PROVIDED MATERIAL section start

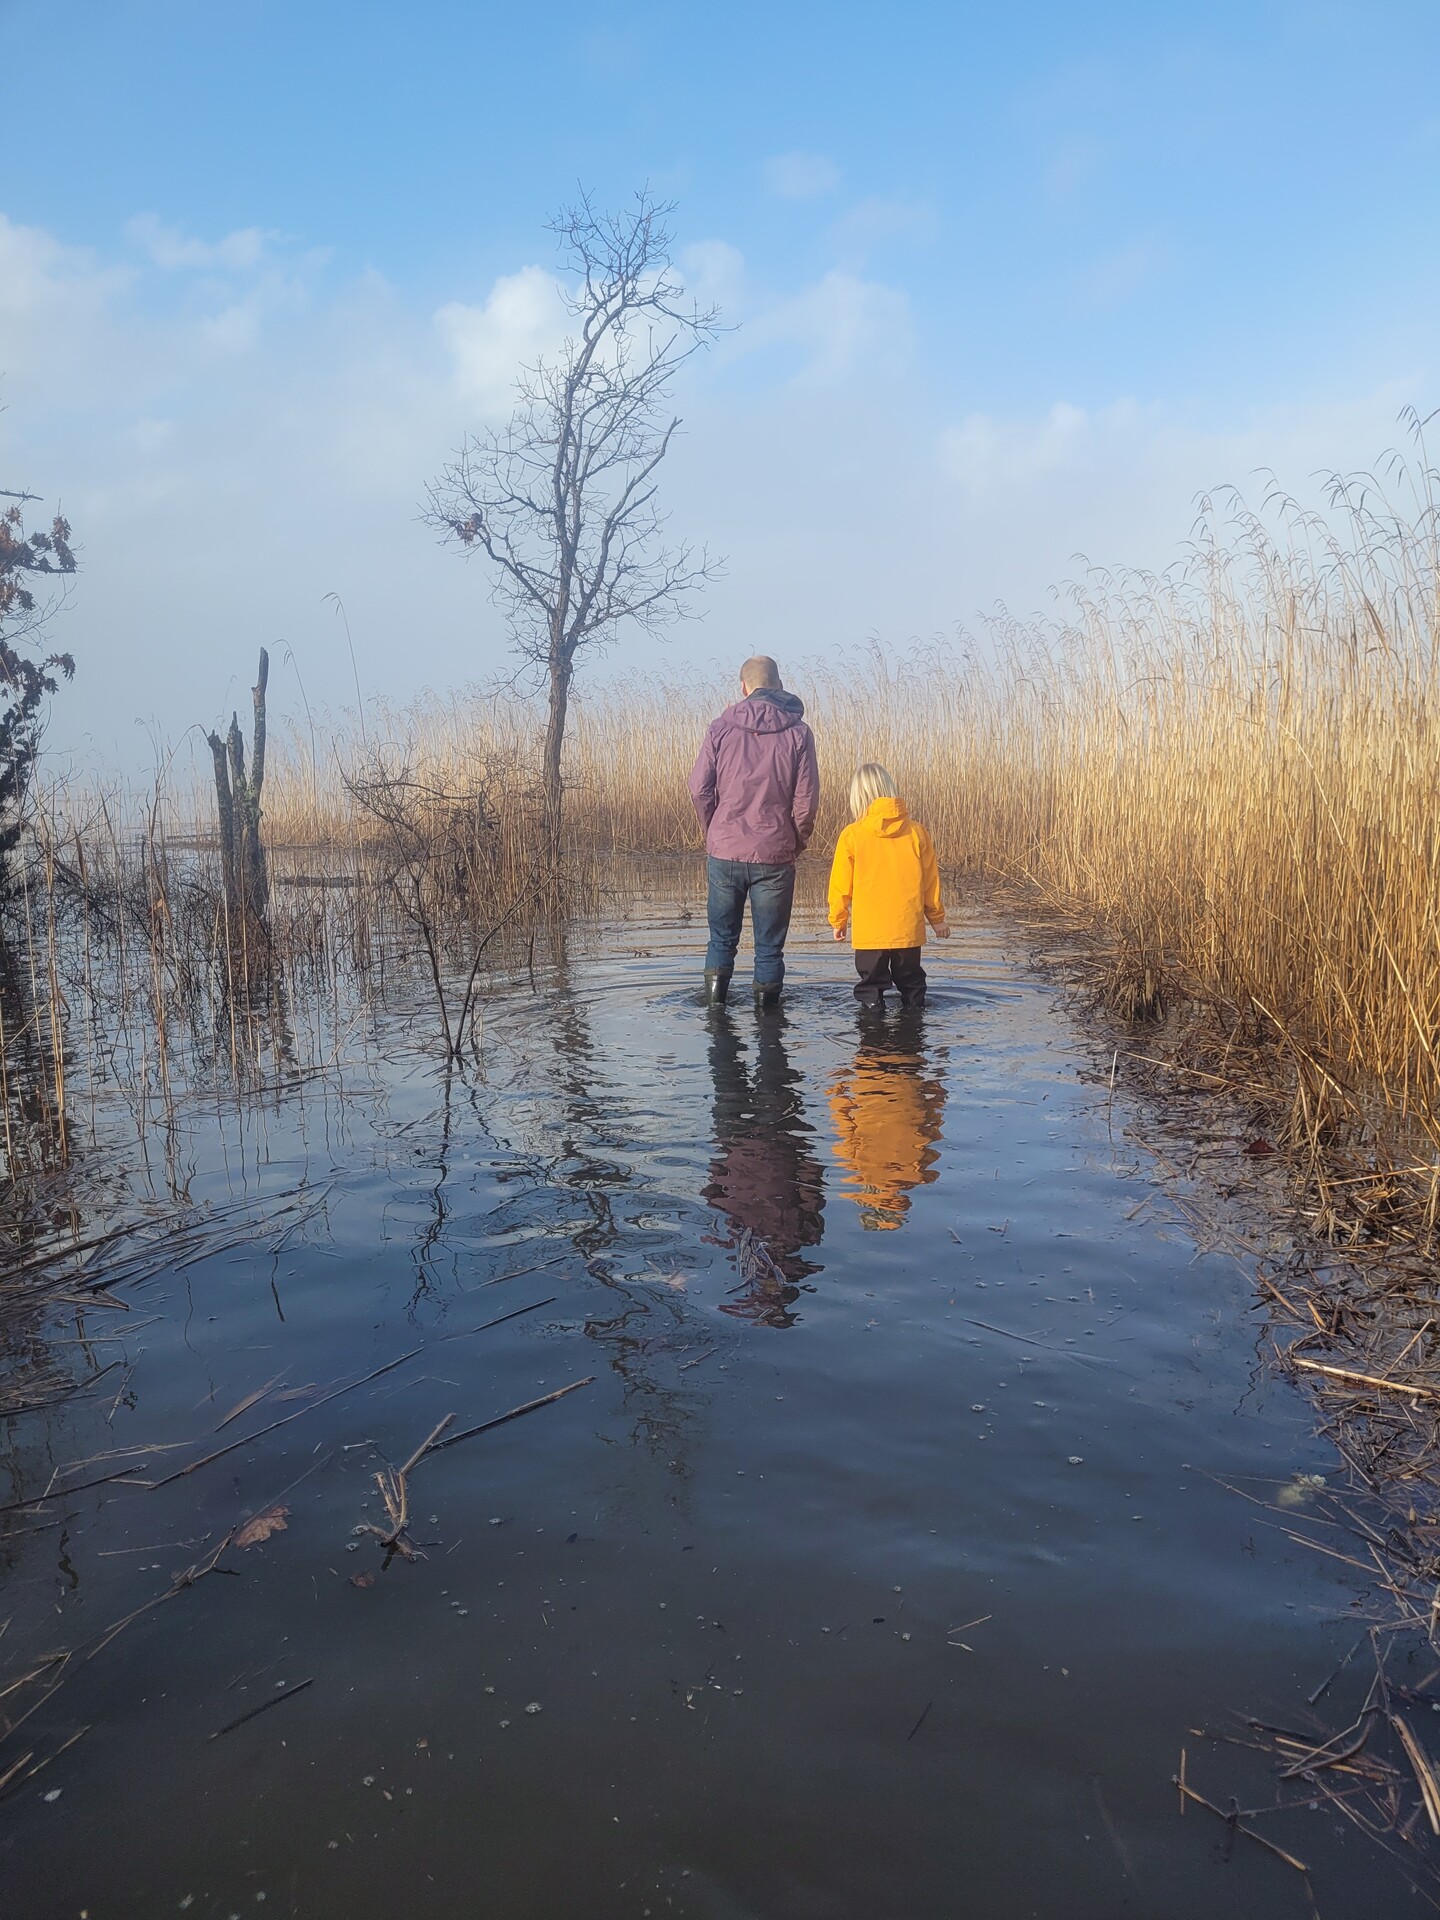 An adult and a child walk with rain jackets and boots on a flooded boardwalk, surrounded by trees and marsh grass.
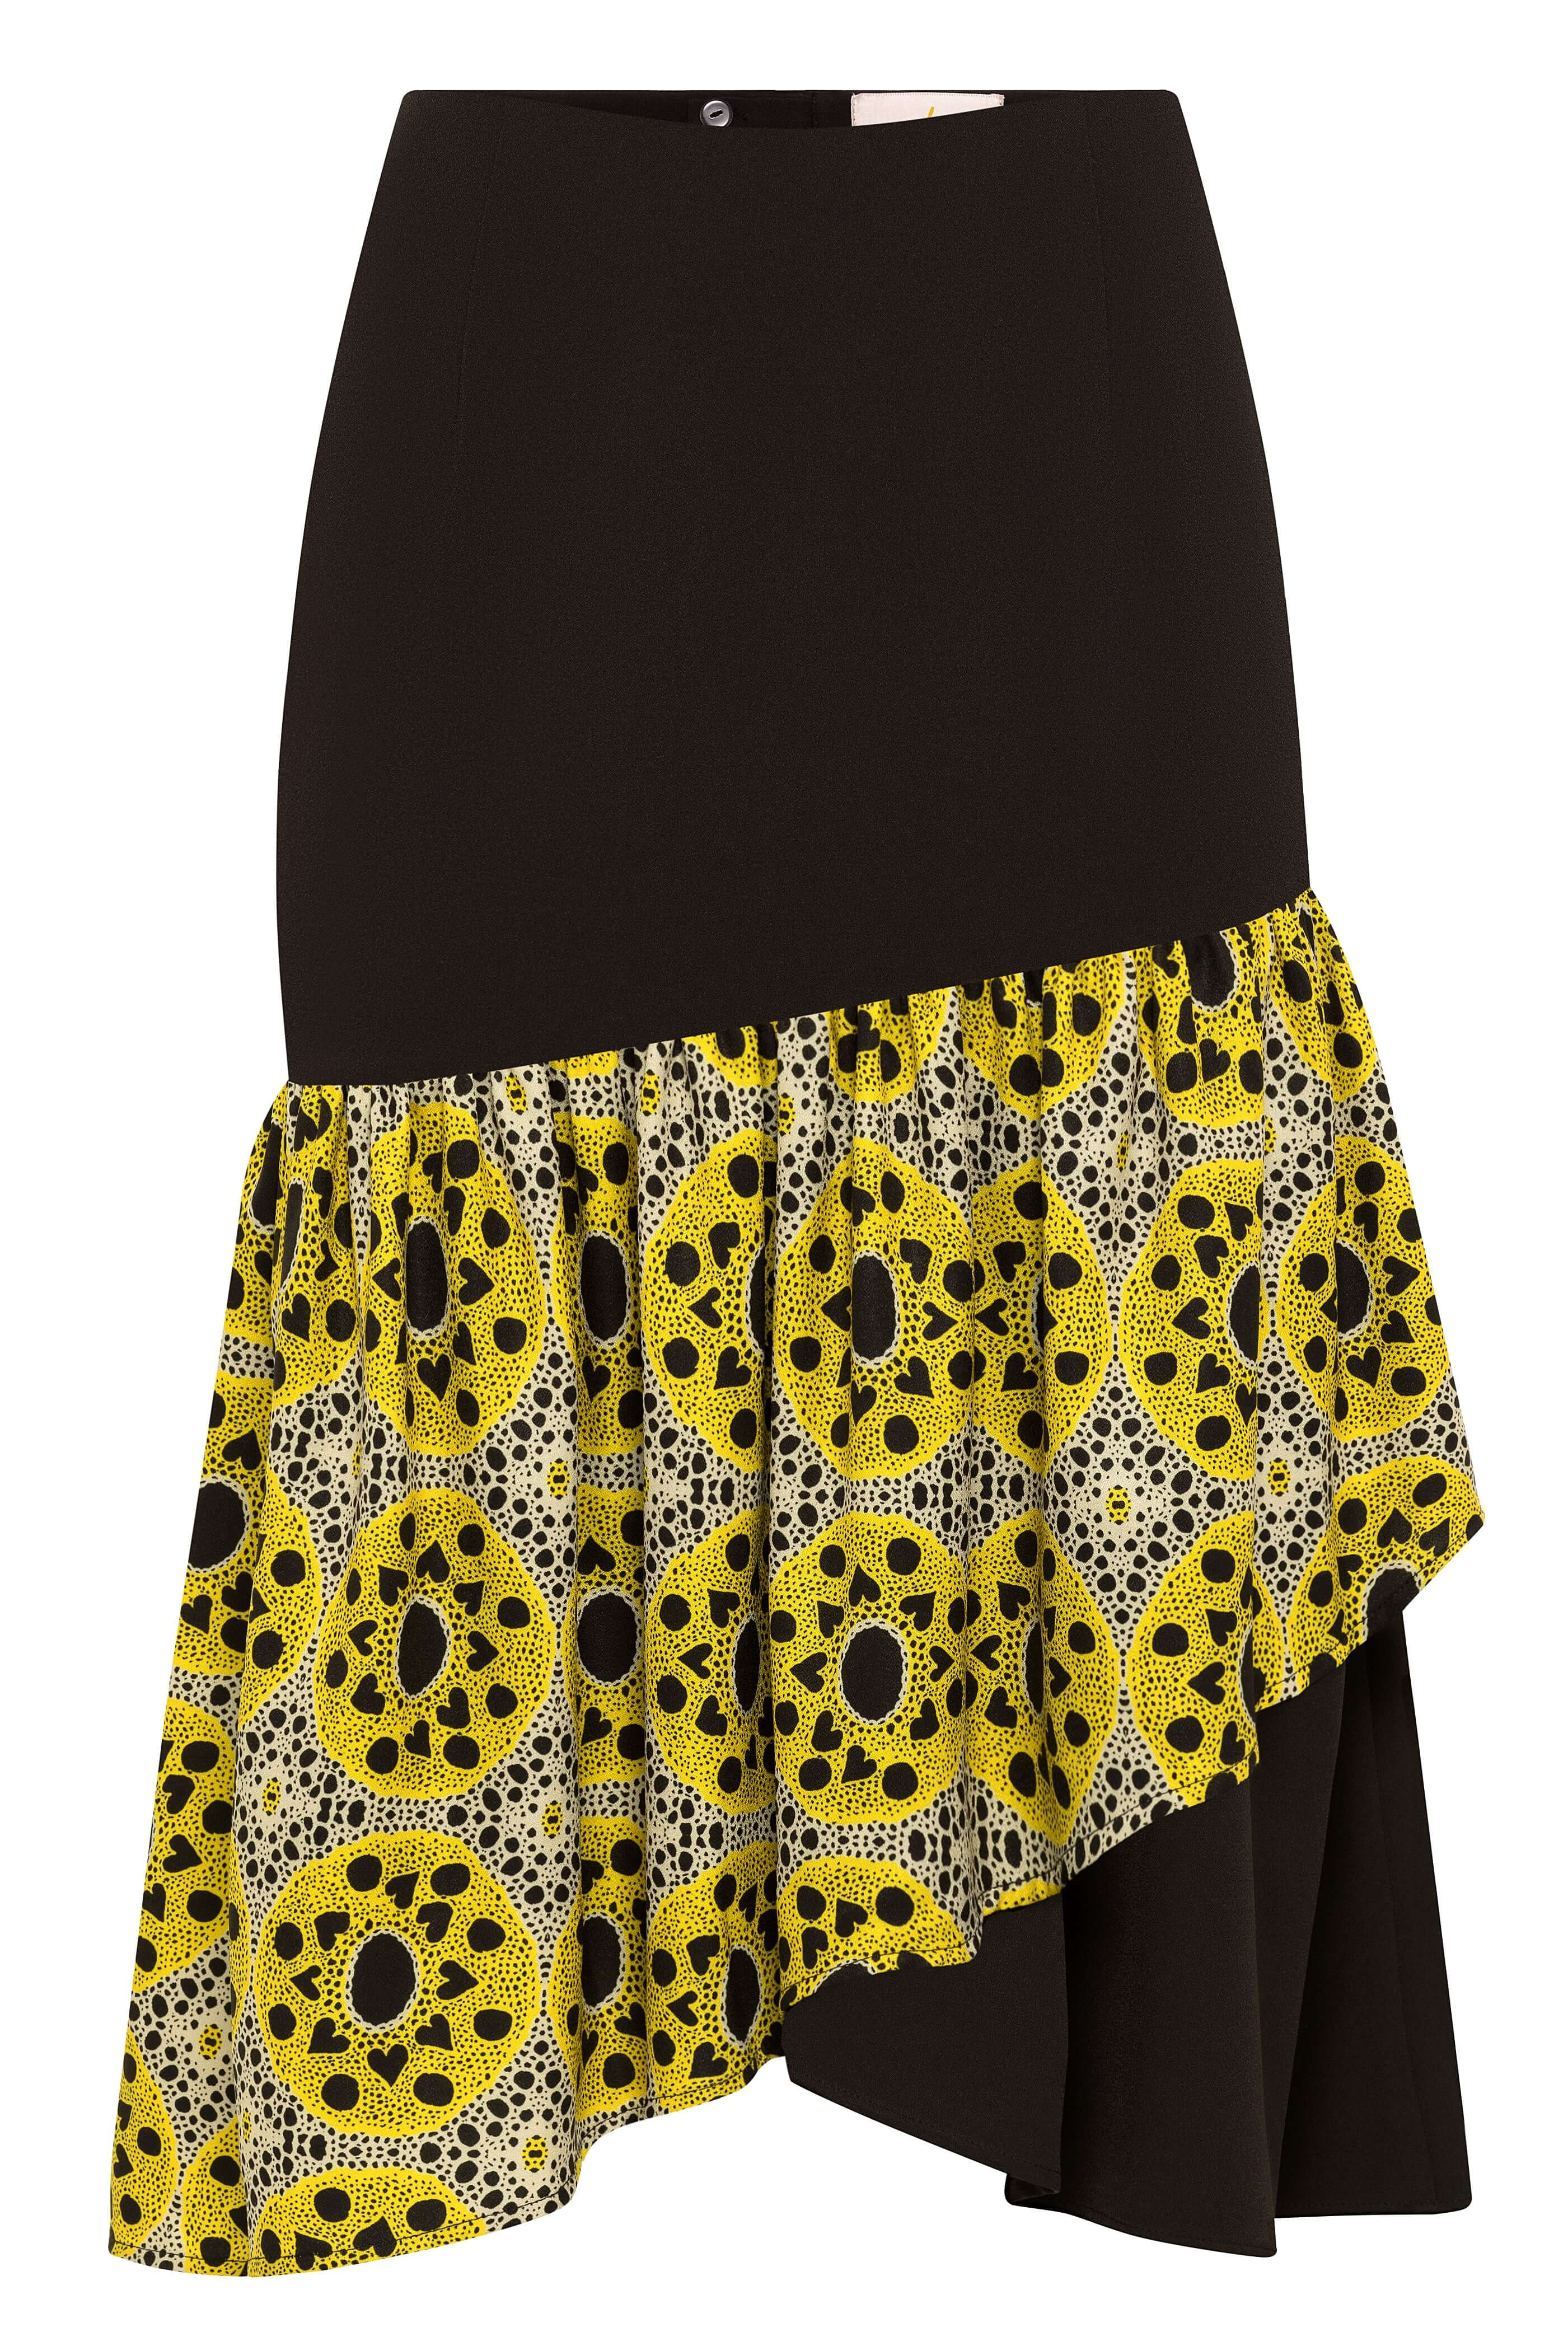 Sigi Fitted Midi Skirt Front View (Black & Yellow)
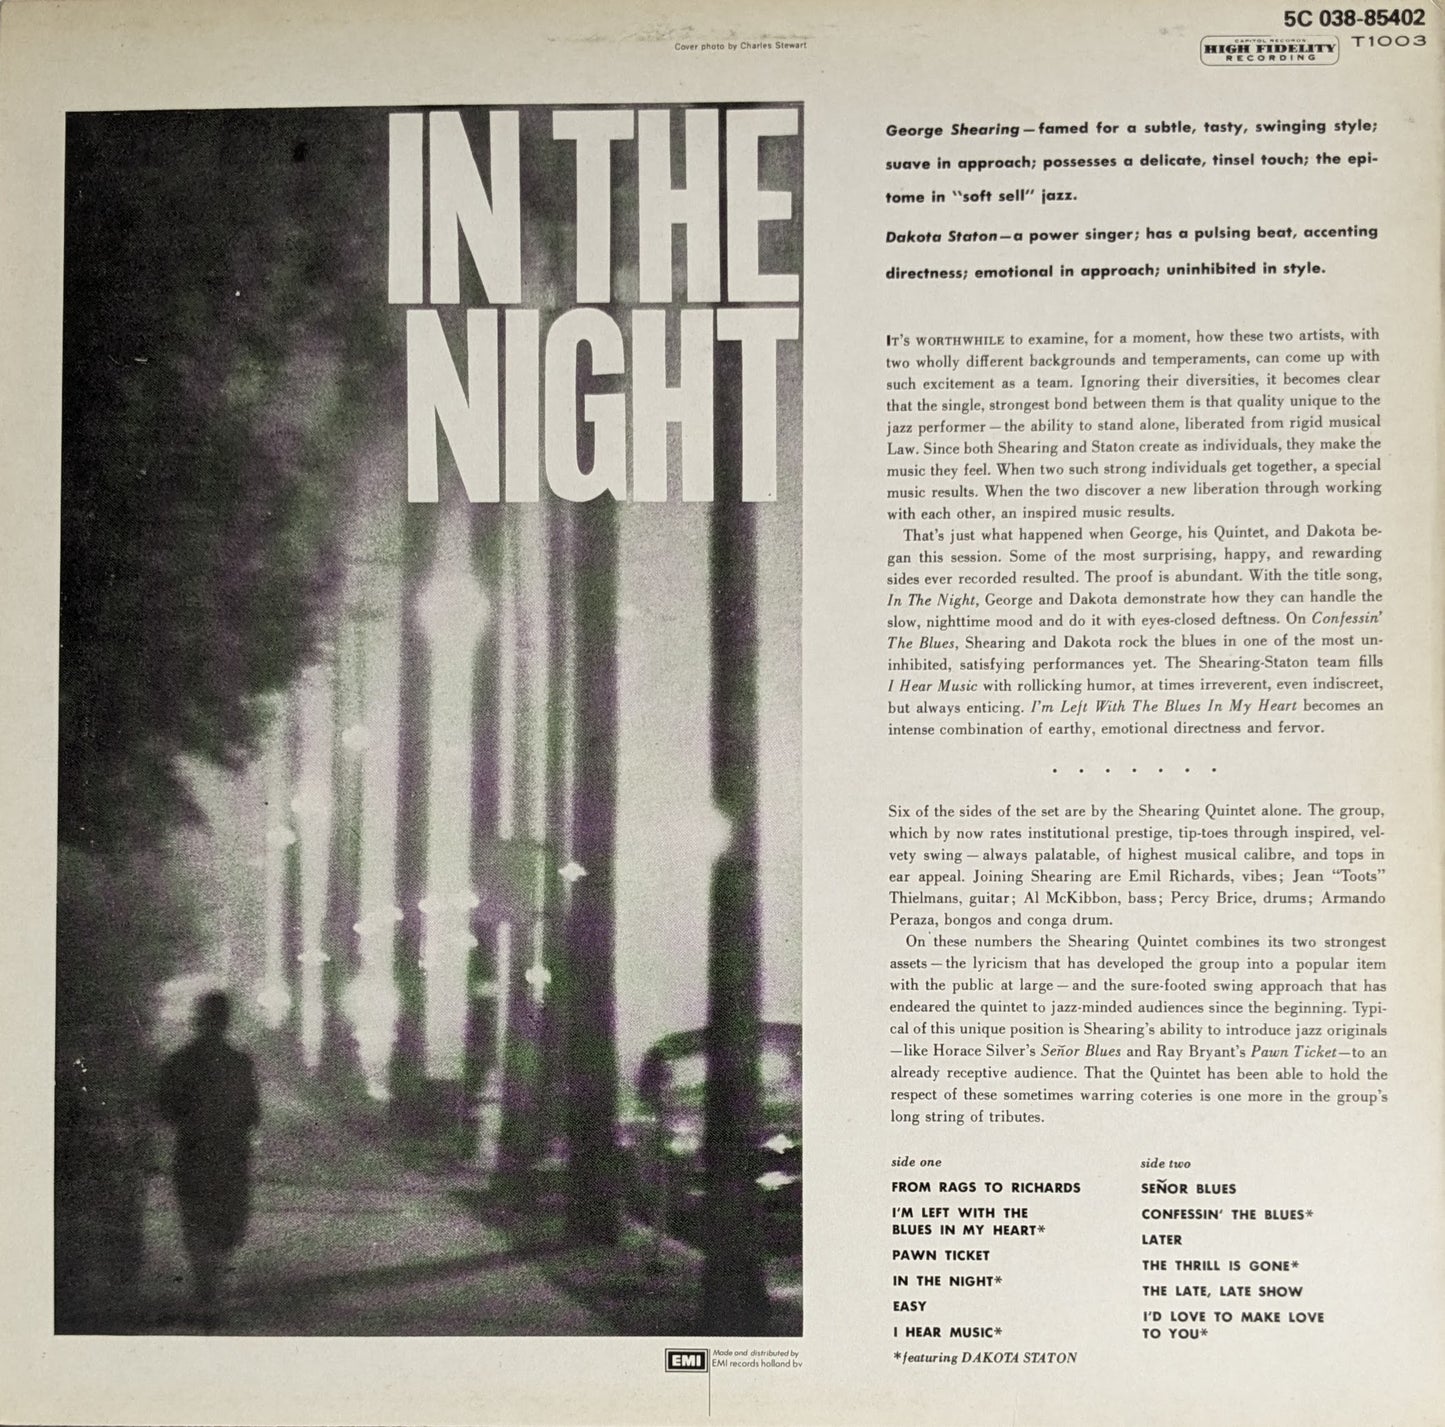 The George Shearing Quintet with Dakota Staton - In The Night

PROVIDED MATERIAL section end

■ **WHAT IS NEEDED**:
Output the data above verbatim, pictures excluded.

■ **ANSWER FOR THE TASK**:
 An adult and a child walk with rain jackets and boots on a flooded boardwalk, surrounded by trees and marsh grass.
 Sigi Fitted Midi Skirt Front View (Black & Yellow)
 The George Shearing Quintet with Dakota Staton - In The Night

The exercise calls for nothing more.